Installing LSI CIM Providers for MegaRaid 8704ELP Local Controller on ESXi 5.0
I wanted to check the status of the local LSI controller in the vSphere Client. Going to the Health Status Tab and checking the Sensor information, I didn’t see any Storage Sensors:
LSI Local Controller
Checking out the model of the local controller I saw the following information on the ESXi host:
~ # esxcli storage core adapter list | grep vmhba0
vmhba0 megaraid_sas link-n/a unknown.vmhba0 (0:4:0.0) LSI / Symbios Logic LSI MegaRAID SAS 1078 Controller
Checking out the information about one of the local disks yielded a little bit information:
~ # esxcli storage core device list -d naa.600605b001f819701a2d10d113694cbf
naa.600605b001f819701a2d10d113694cbf
Display Name: Local LSI Disk (naa.600605b001f819701a2d10d113694cbf)
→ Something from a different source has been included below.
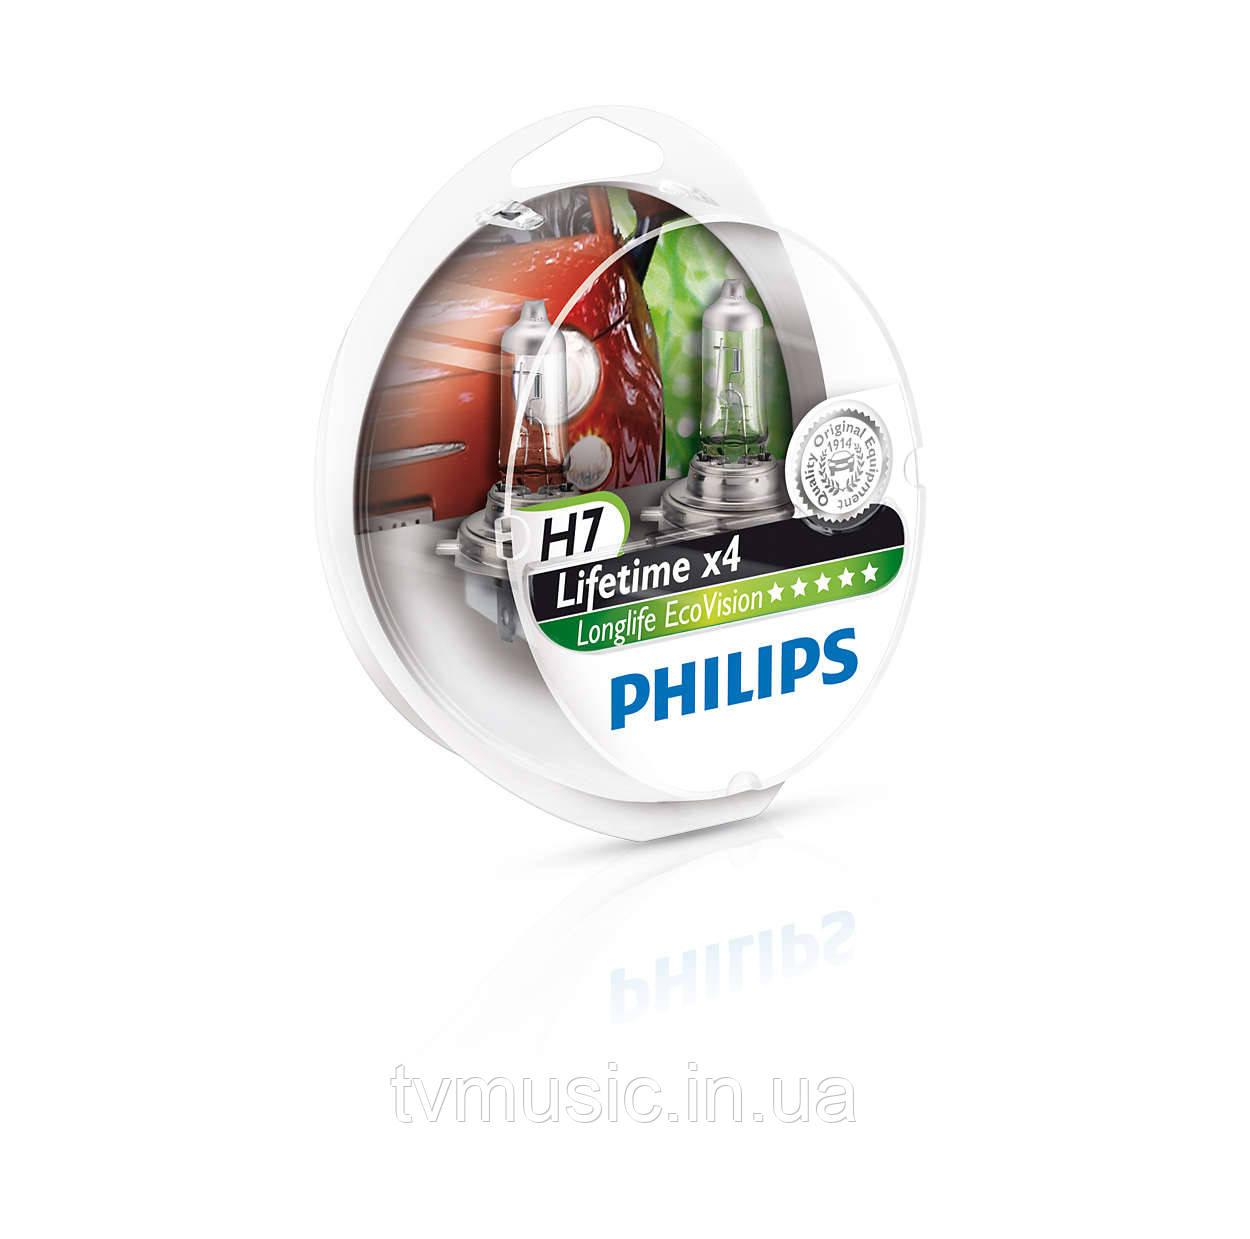 Галогенные лампы Philips LongLife EcoVision H7 12V 55W (12972LLECOS2)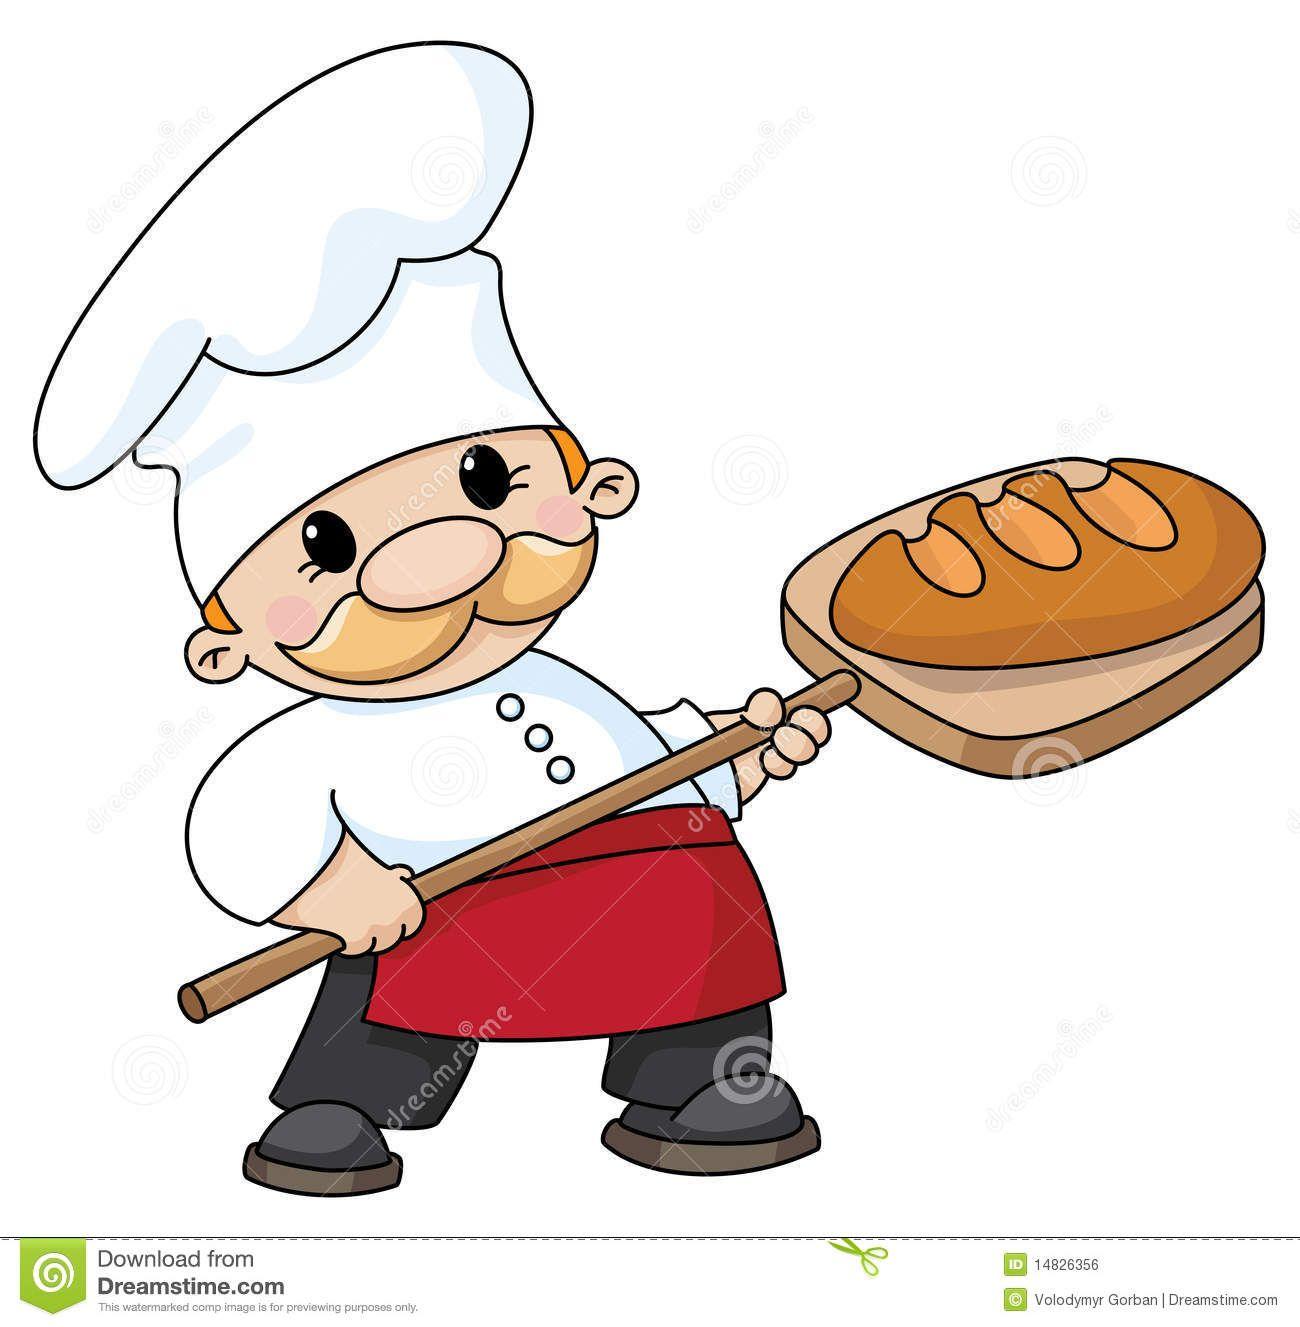 Baker clipart panadero. Mostrando un gran pan

Has Settable Display Name: true
Size: 569344
Device Type: Direct-Access
Multipath Plugin: NMP
Devfs Path: /vmfs/devices/disks/naa.600605b001f819701a2d10d113694cbf
Vendor: LSI
Model: MegaRAID 8704ELP
Revision: 1.40
SCSI Level: 5
Is Pseudo: false
Status: on
Is RDM Capable: false
Is Local: true
Is Removable: false
Is SSD: false
Is Offline: false
Is Perennially Reserved: false
Thin Provisioning Status: unknown
Attached Filters:
VAAI Status: unsupported
Other UIDs: vml.0200000000600605b001f819701a2d10d113694cbf4d6567615241
So the LSI MegaRAID SAS 1078 Controller is basically the same thing as the MegaRAID 8704ELP Model. Apparently the Dell Perc 5i does similar re-branding, more on that at Using Perc 5i with ESXi 5.
Getting LSI CIM Providers
Checking out the LSI site for that card, there was no CIM providers:
It only had the MegaCLI tool for VMware. I ran into a couple of site and they actually used older CIM providers which worked out:
So I downloaded VMWare SMIS Provider VIB - 5.4 and then installed the file.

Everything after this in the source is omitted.